From this point of view starting the rocket engine in the air at 0.2km/s speed is a marginal improvement compared to starting it on the ground. It still can be an improvement if executed correctly but it's hard to make it big enough to justify the complexity.
Isn’t most of the speed you spend on the first stage wasted on going up, though? And what little momentum you might get to keep when it’s time to turn into your orbit is also sucked away by air resistance. Rockets have to go directly up for the first part of the flight, and all that acceleration is wasted because what you really need is orbital velocity, which is going to end up being “sideways” relative to earth.

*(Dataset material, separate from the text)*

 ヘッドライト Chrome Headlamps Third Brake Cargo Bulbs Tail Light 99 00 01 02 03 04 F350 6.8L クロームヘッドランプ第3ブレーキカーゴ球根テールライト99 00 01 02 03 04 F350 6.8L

An air breathing first stage would mean you have to give a little less of your fuel to going up, and you’re doing it in an environment with less air resistance.
And any gain in the very first part of a flight can also be achieved by just making a cheap rocket first stage slightly larger.

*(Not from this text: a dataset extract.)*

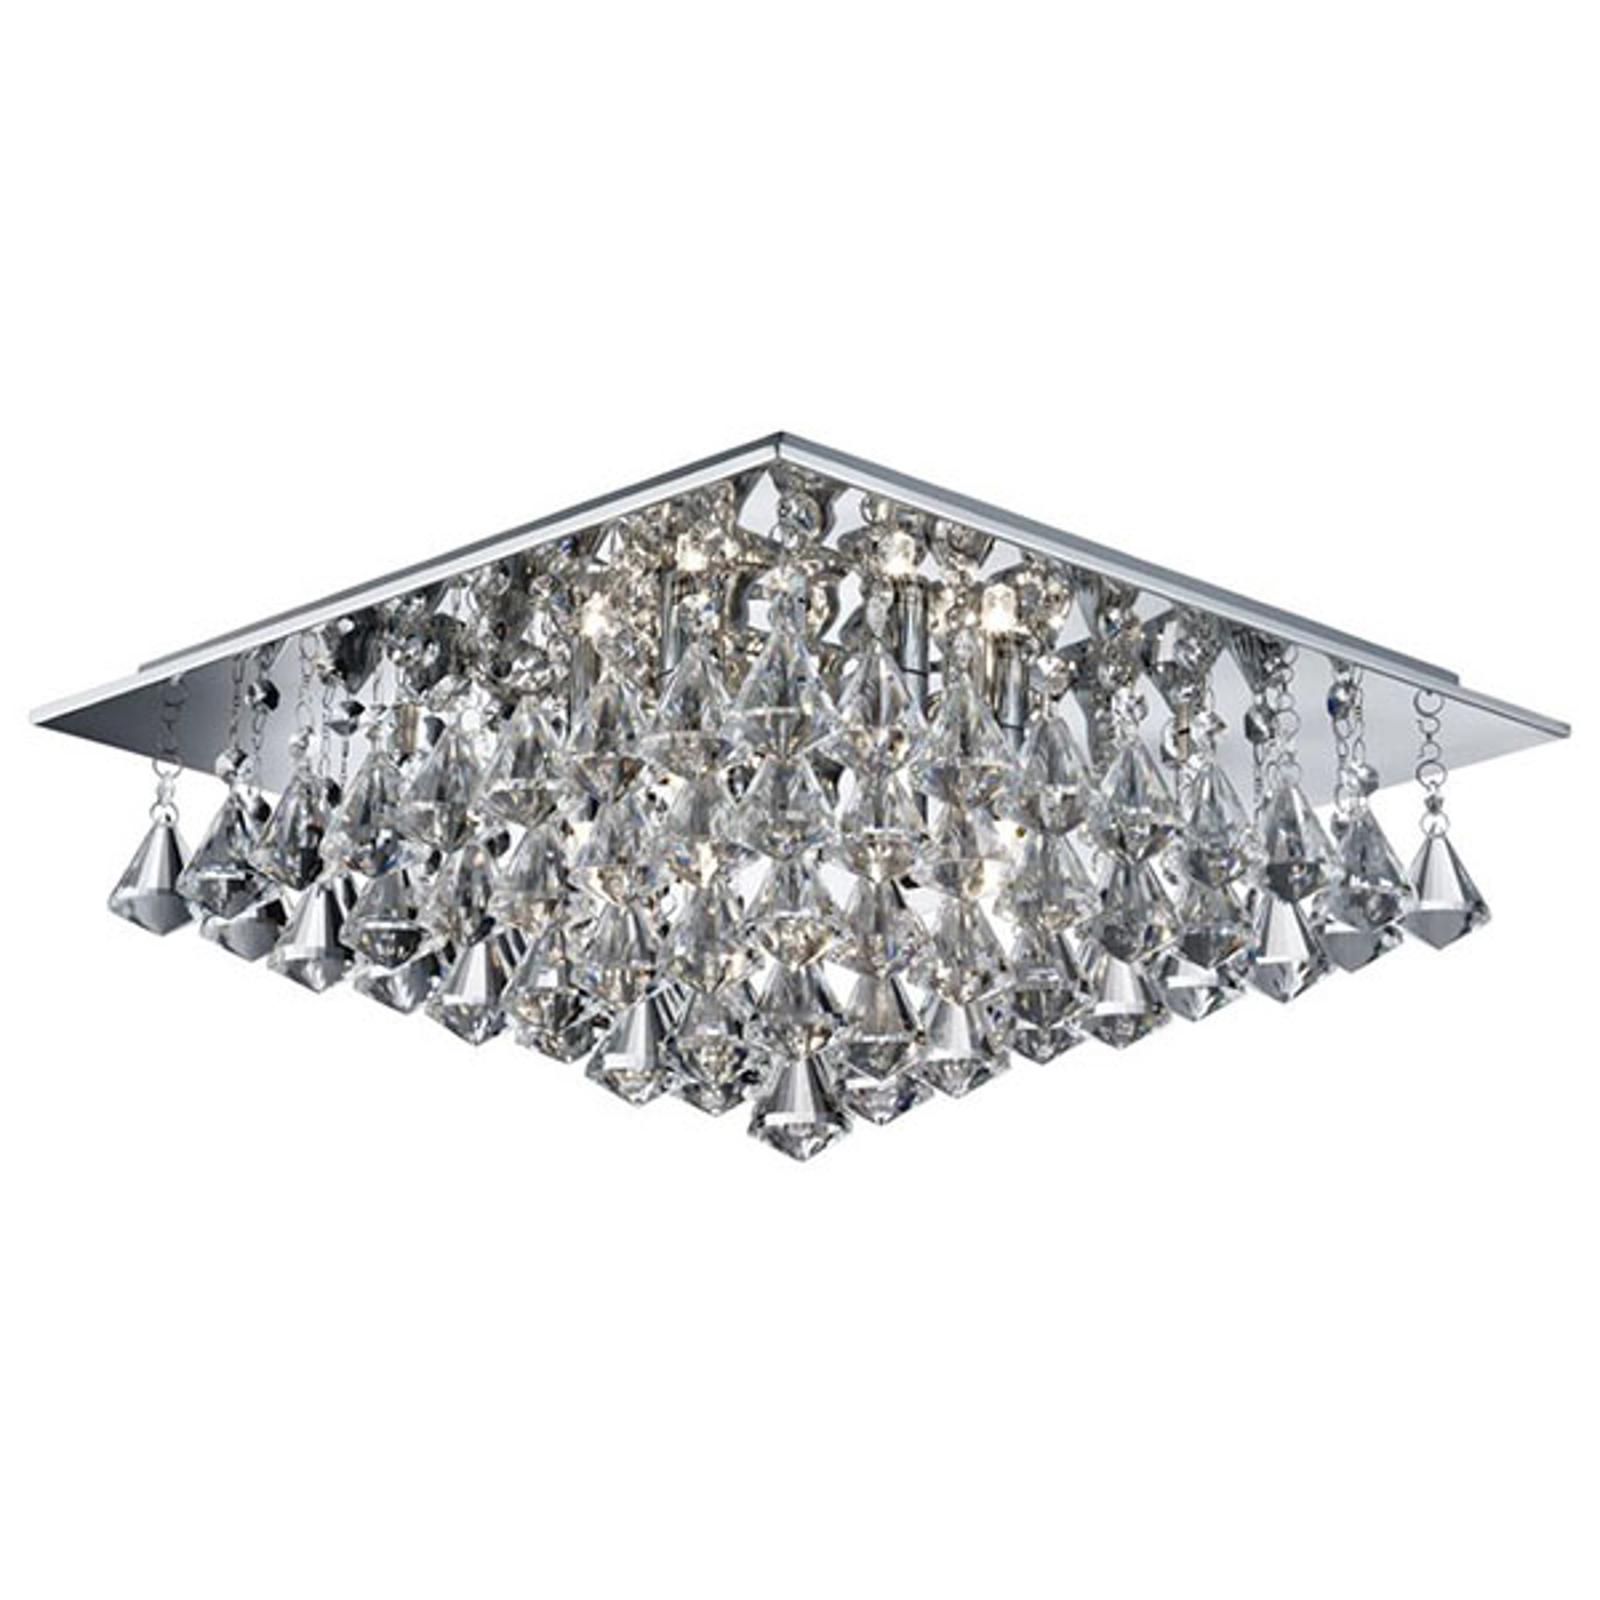 Taklampa Hanna med kristallprisman, 44 x 44 cm

Being able to propulsively recover rocket first stages, as Falcon 9 demonstrated, has destroyed pretty much any rationale for winged or air breathing first stages.
Winged and air breathing first stages are a square peg round hole situation because high altitude and runway technical requirements are so different, and at low altitude reaching mach 0.8 is all you get to do cheaply - a negligible benefit considering the extreme costs associated with either horizontal plane-style integration or high TWR turbines. If you're going to optimize for getting useful delta V out of them, you need to do it in the stratosphere with ramjets/scramjets, which have minimum airspeed requirements on top of the minimum glide airspeed requirements necessary to keep a heavy aerodynamic body from falling to earth. You're best starting out at extreme speed and high altitude by launching from a hydrogen or vacuum filled maglev at Chimborazo or Kilimanjaro, and using the scramjet to get from the summit launchsite at a muzzle velocity of atmospheric-mach 3 up to the Karman line at mach 10. The initial speed provides the ability to go directly to hypersonic engines, the ability to trivially maintain altitude and build speed with only modest TWR and small light wings, and the ability to minimize drag losses by going through very thin air.
From this point of view starting the rocket engine in the air at 0.2km/s speed is a marginal improvement compared to starting it on the ground. It still can be an improvement if executed correctly but it's hard to make it big enough to justify the complexity.